The cerebellum is the part of the brain that plays an important role in balance and co-ordination. ‘Cerebellar hypoplasia’ refers to the incomplete or poor development of the cerebellum, causing it to be small. It may be isolated or be accompanied by abnormalities of other structures in the brain. Individuals with cerebellar hypoplasia may present with developmental delay, seizures, poor balance and co-ordination, involuntary eye movements (nystagmus) and learning difficulties.

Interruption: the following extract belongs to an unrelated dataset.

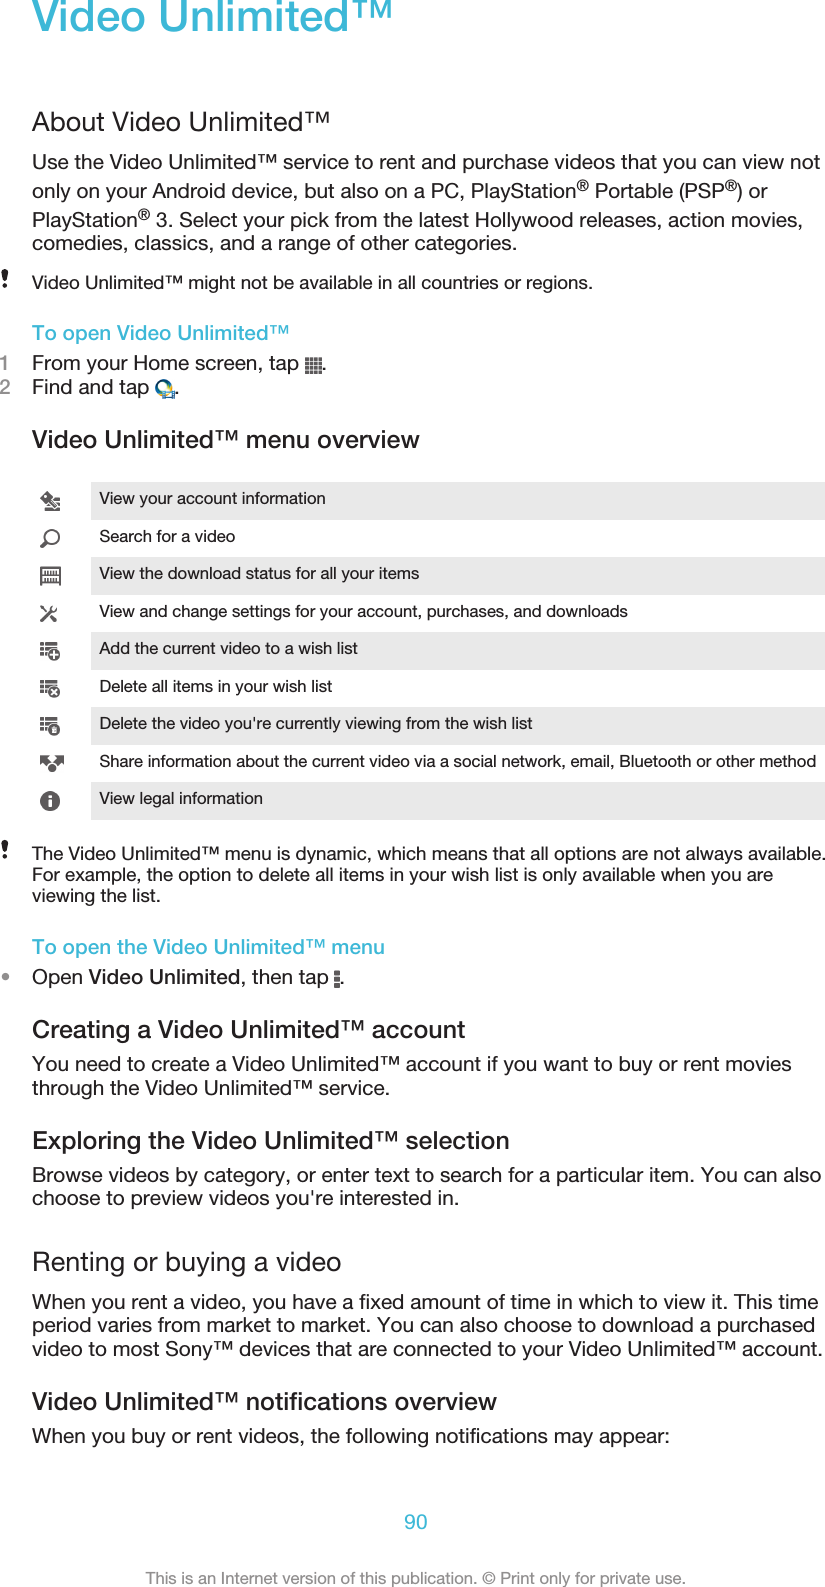 Video Unlimited™About Video Unlimited™Use the Video Unlimited™ service to rent and purchase videos that you can view notonly on your Android device, but also on a PC, PlayStation® Portable (PSP®) orPlayStation® 3. Select your pick from the latest Hollywood releases, action movies,comedies, classics, and a range of other categories.Video Unlimited™ might not be available in all countries or regions.To open Video Unlimited™1From your Home screen, tap  .2Find and tap  .Video Unlimited™ menu overviewView your account informationSearch for a videoView the download status for all your itemsView and change settings for your account, purchases, and downloadsAdd the current video to a wish listDelete all items in your wish listDelete the video you&apos;re currently viewing from the wish listShare information about the current video via a social network, email, Bluetooth or other methodView legal informationThe Video Unlimited™ menu is dynamic, which means that all options are not always available.For example, the option to delete all items in your wish list is only available when you areviewing the list.To open the Video Unlimited™ menu•Open Video Unlimited, then tap  .Creating a Video Unlimited™ accountYou need to create a Video Unlimited™ account if you want to buy or rent moviesthrough the Video Unlimited™ service.Exploring the Video Unlimited™ selectionBrowse videos by category, or enter text to search for a particular item. You can alsochoose to preview videos you&apos;re interested in.Renting or buying a videoWhen you rent a video, you have a fixed amount of time in which to view it. This timeperiod varies from market to market. You can also choose to download a purchasedvideo to most Sony™ devices that are connected to your Video Unlimited™ account.Video Unlimited™ notifications overviewWhen you buy or rent videos, the following notifications may appear:90This is an Internet version of this publication. © Print only for private use.
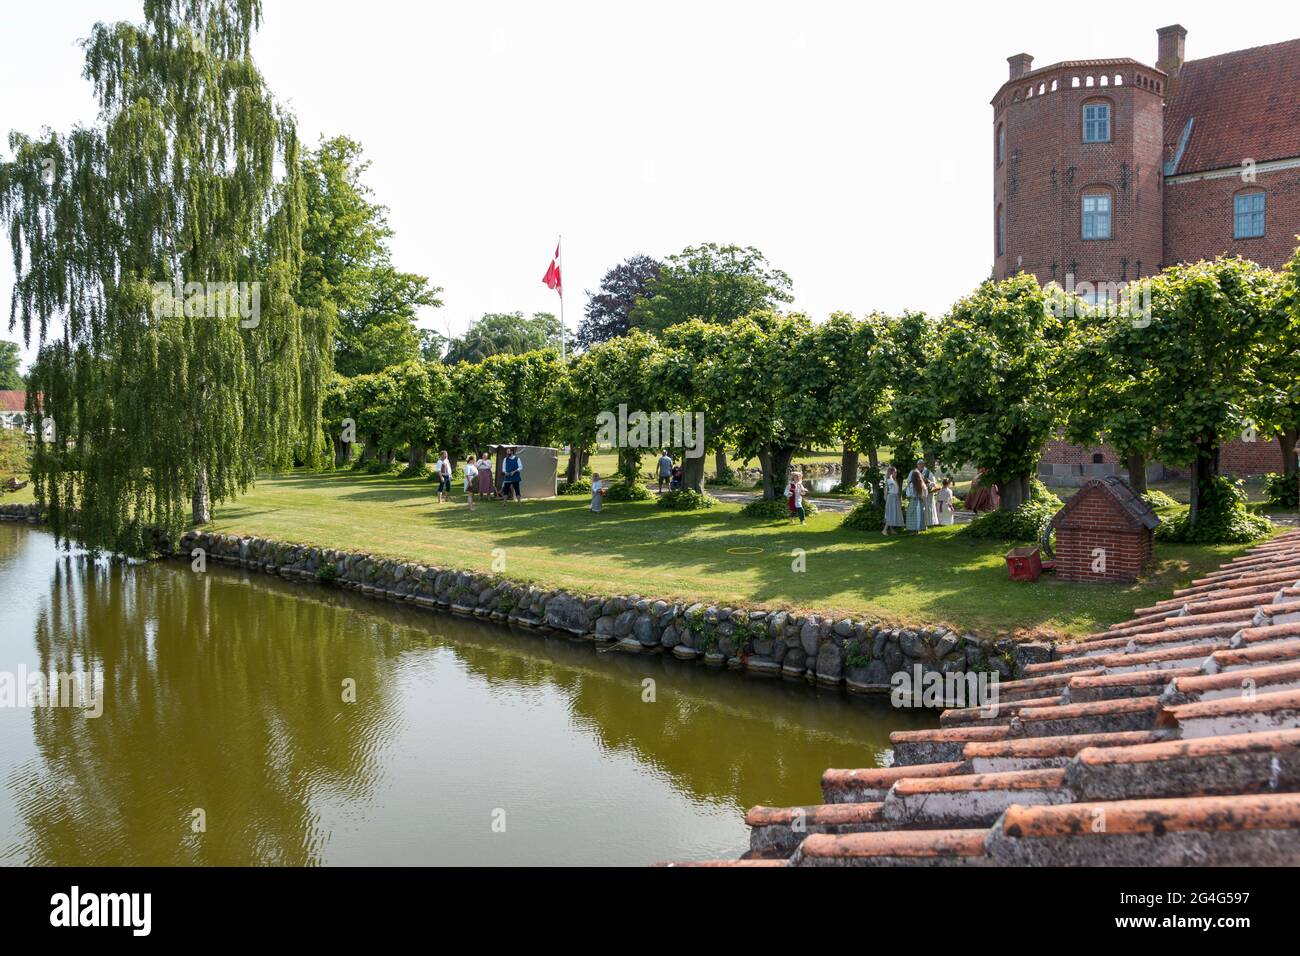 Auning, - 19 June 2021: Gammel Estrup Castle from the 14th century, The castle is surrounded by nature, trees and lakes and moat Stock Photo - Alamy

It may be genetic or non-genetic in origin. Among the non-genetic causes are environmental influences such as exposure to certain medication (eg. retinoic acid), alcohol and viral infections during pregnancy. The genetic causes vary depending on what other structures are involved eg. RELN gene is implicated in lissencephaly with cerebellar hypoplasia; TSEN genes in ponto cerebellar hypoplasia (the brainstem is affected in addition to the cerebellum); OPHN1 gene in cerebellar hypoplasia with enlarged ventricles; VLDLR gene in cerebellar hypoplasia with simple cortex and small brainstem.
Cerebellar hypoplasia can also occur as a part of other genetic syndromes such as Smith Lemli Opitz syndrome, Carbohydrate Deficient Glycoprotein syndrome, and Joubert syndrome.